The if statement is for program flow control (do this bunch of code if this
condition is true, else do this), the vectorized version is the ifelse function,
that is the one that you want to use.

Also note (this is for times in general, not sure about chron specifically)
subtracting noon from the times gives you time differences, subtracting a time
difference from a time will give you another time, so it may be simpler to
subtract just 12, rather than noon from your times.

--
Gregory (Greg) L. Snow Ph.D.
Statistical Data Center
Intermountain Healthcare
greg.snow at imail.org
801.408.8111

> -----Original Message-----
> From: r-help-bounces at r-project.org [mailto:r-help-bounces at r-
> project.org] On Behalf Of Joe Kaser
> Sent: Wednesday, October 15, 2008 2:19 PM
> To: r-help at r-project.org
> Subject: [R] Condition warning: has length > 1 and only the first
> element will be used
>
> Hello,
>
> I've been learning R functions recently and I've come across a
problem
> that
> perhaps someone could help me with.
>
> # I have a a chron() object of times
>
> >
hours=chron(time=c("01:00:00","18:00:00","13:00:00","10:00:00"))
>
> # I would like to subtract 12 hours from each time element, so I
> created a
> vector of 12 hours (actually, more like a vector of noons)
>
> > less.hours=chron(time=rep("12:00:00",4))
>
> # If I just subtract the two vectors, I get some negative values, as
> fractions of a day
>
> > hours-less.hours
> [1] -0.45833333  0.25000000  0.04166667 -0.08333333
>
> # I would like those negative values to cycle around and subtract the
> amount
> < 0 from midnight
> # That is to say, 01:00:00 - 12:00:00 should be 13:00:00
> # because 01:00:00-12:00:00 = -11:00:00, and 24:00:00-11:00:00 >
13:00:00
> # It's sort of like going back to the previous day, but without
> actually
> including information about which day it is
>
> # This is what I tried
>
> > test.function=function(x,y) {
> + sub = x-y
> + if(sub<0) x+y
> + }
>
> > test.function(hours,less.hours)
> Time in days:
> [1] 0.5416667 1.2500000 1.0416667 0.9166667
> Warning message:
> In if (sub < 0) x + y :
>   the condition has length > 1 and only the first element will be used
>
>
> # My questions are, why does it only use the first element?? Why does
> it not
> apply to all?
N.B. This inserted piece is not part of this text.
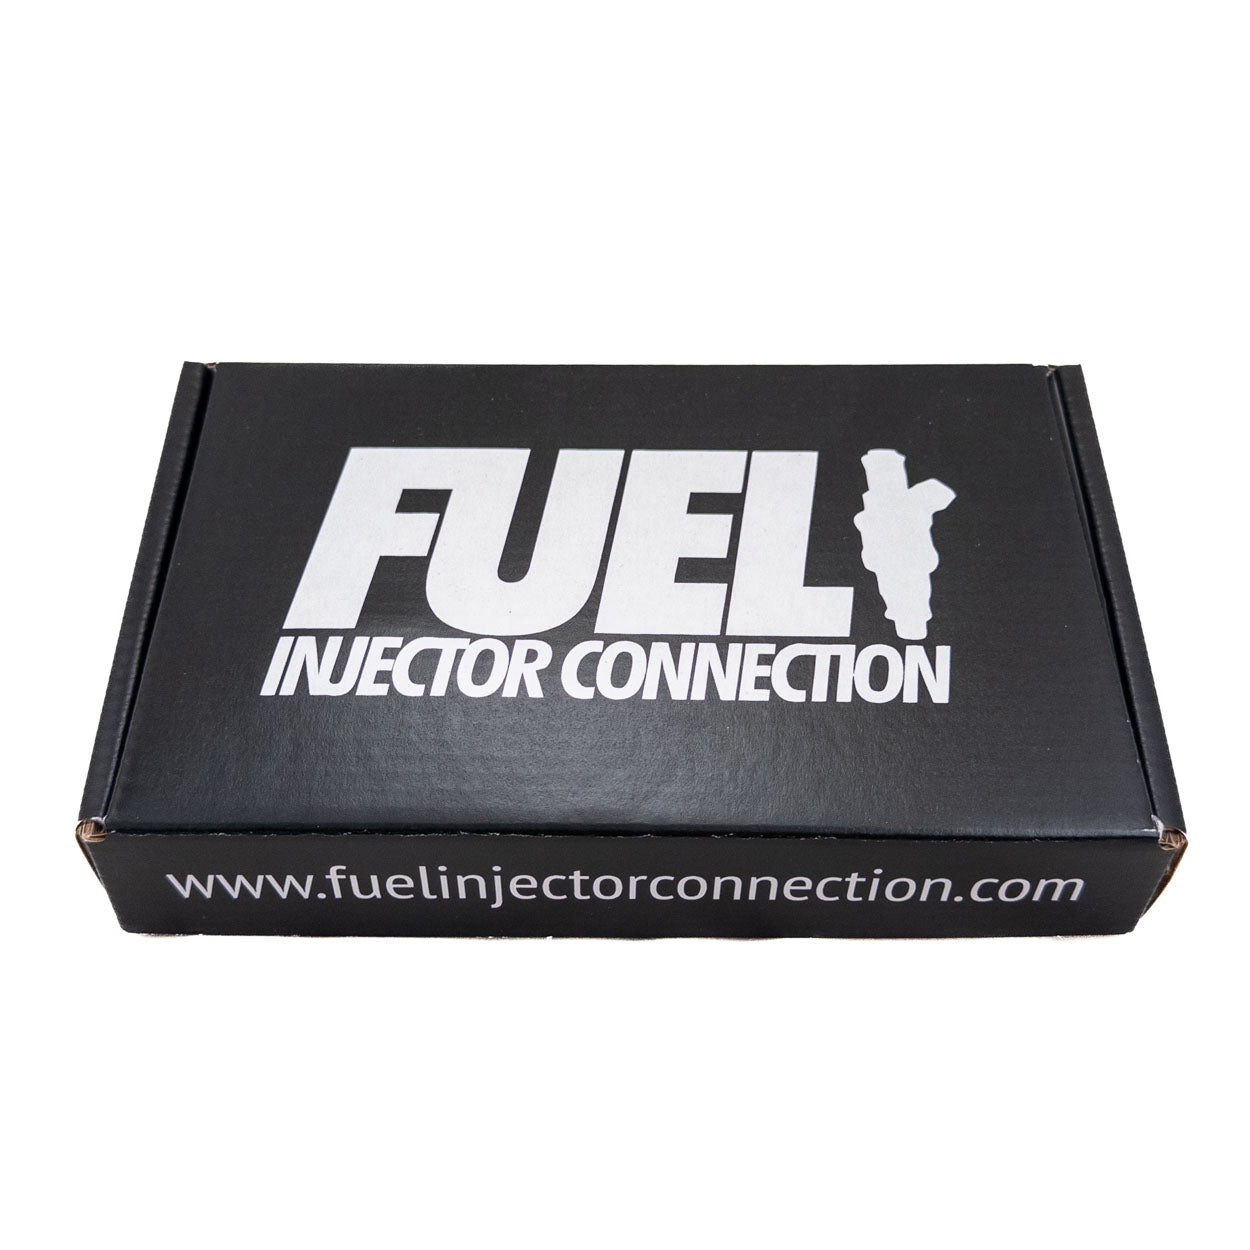 Fuel Injector Connection 1050cc (100lb) Extended Tip 38mm EV6 Injector (set of 8)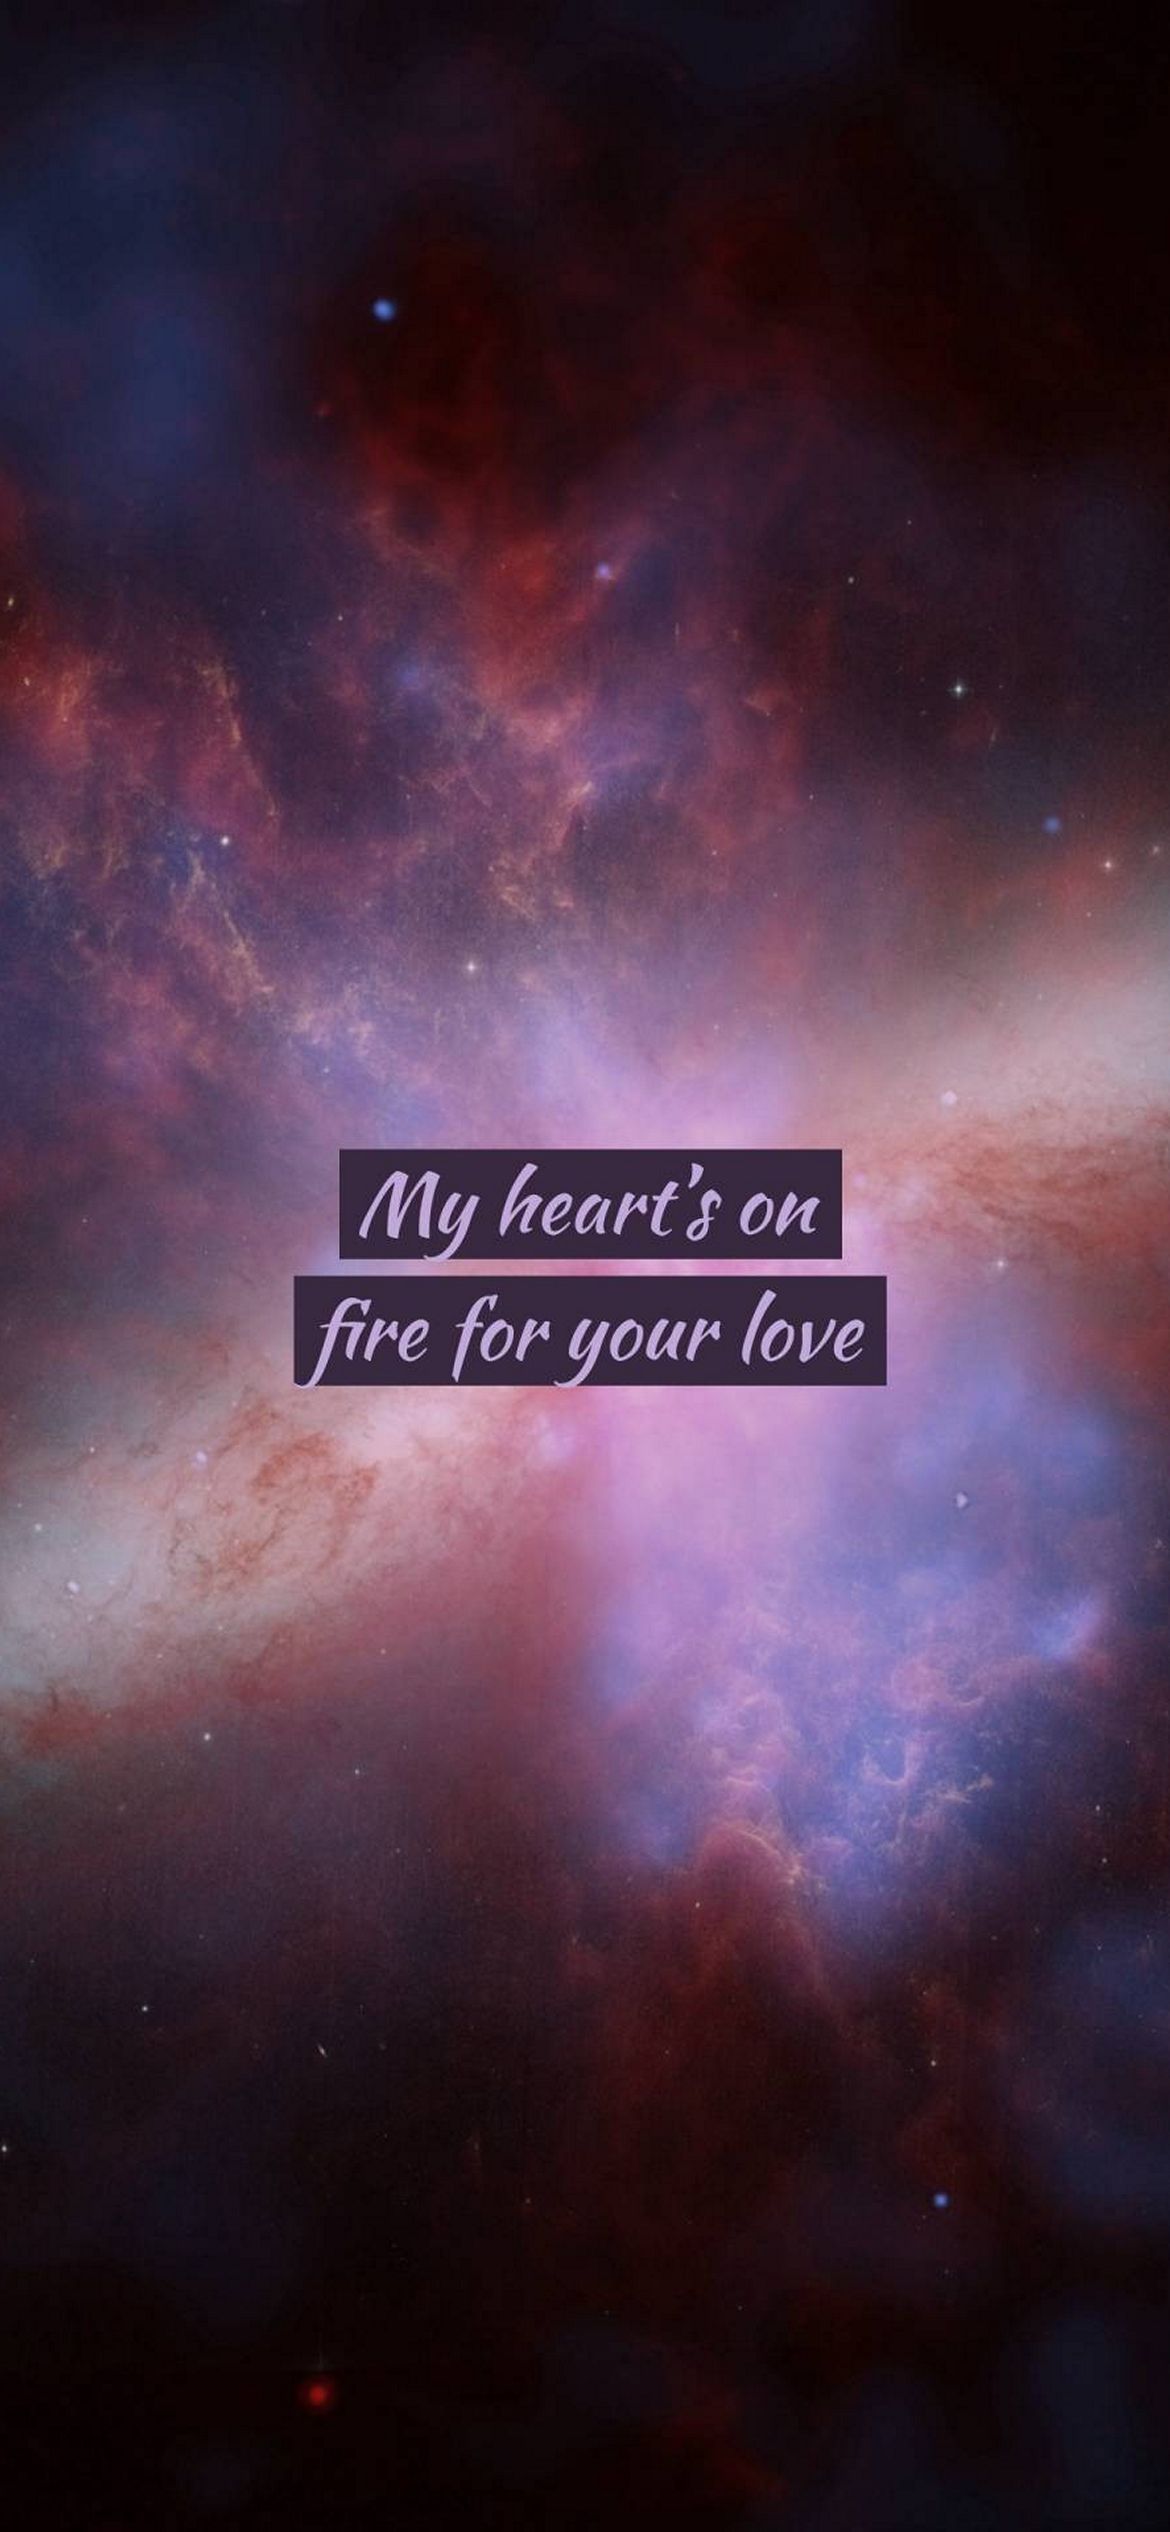 My heart's on fire for your love - Christian iPhone, galaxy

Also, what happened to the elements where sub>= 0, it
> looks
> like they followed the rules
> # of if(sub<0).  I feel like I must not be understanding something
> rather
> basic about how logical expressions operate within R
> # Help would be appreciated...
>
>         [[alternative HTML version deleted]]
>
> ______________________________________________
> R-help at r-project.org mailing list
> https://stat.ethz.ch/mailman/listinfo/r-help
> PLEASE do read the posting guide http://www.R-project.org/posting-
> guide.html
> and provide commented, minimal, self-contained, reproducible code.

Joe Kaser wrote:
> Hello,
> 
> I've been learning R functions recently and I've come across a
problem that
> perhaps someone could help me with.
> 
> # I have a a chron() object of times
> 
>>
hours=chron(time=c("01:00:00","18:00:00","13:00:00","10:00:00"))
> 
> # I would like to subtract 12 hours from each time element, so I created a
> vector of 12 hours (actually, more like a vector of noons)
> 
>> less.hours=chron(time=rep("12:00:00",4))
> 
> # If I just subtract the two vectors, I get some negative values, as
> fractions of a day
> 
>> hours-less.hours
> [1] -0.45833333  0.25000000  0.04166667 -0.08333333
> 
> # I would like those negative values to cycle around and subtract the
amount
> < 0 from midnight
> # That is to say, 01:00:00 - 12:00:00 should be 13:00:00
> # because 01:00:00-12:00:00 = -11:00:00, and 24:00:00-11:00:00 = 13:00:00
> # It's sort of like going back to the previous day, but without
actually
> including information about which day it is
> 
> # This is what I tried
> 
>> test.function=function(x,y) {
> + sub = x-y
> + if(sub<0) x+y
> + }
> 
>> test.function(hours,less.hours)
> Time in days:
> [1] 0.5416667 1.2500000 1.0416667 0.9166667
> Warning message:
> In if (sub < 0) x + y :
>   the condition has length > 1 and only the first element will be used
> 
> 
> # My questions are, why does it only use the first element?? Why does it
not
> apply to all? Also, what happened to the elements where sub>= 0, it
looks
> like they followed the rules
> # of if(sub<0).  I feel like I must not be understanding something
rather
> basic about how logical expressions operate within R
> # Help would be appreciated...
OK: help(ifelse), ordinary if doesn't vectorize.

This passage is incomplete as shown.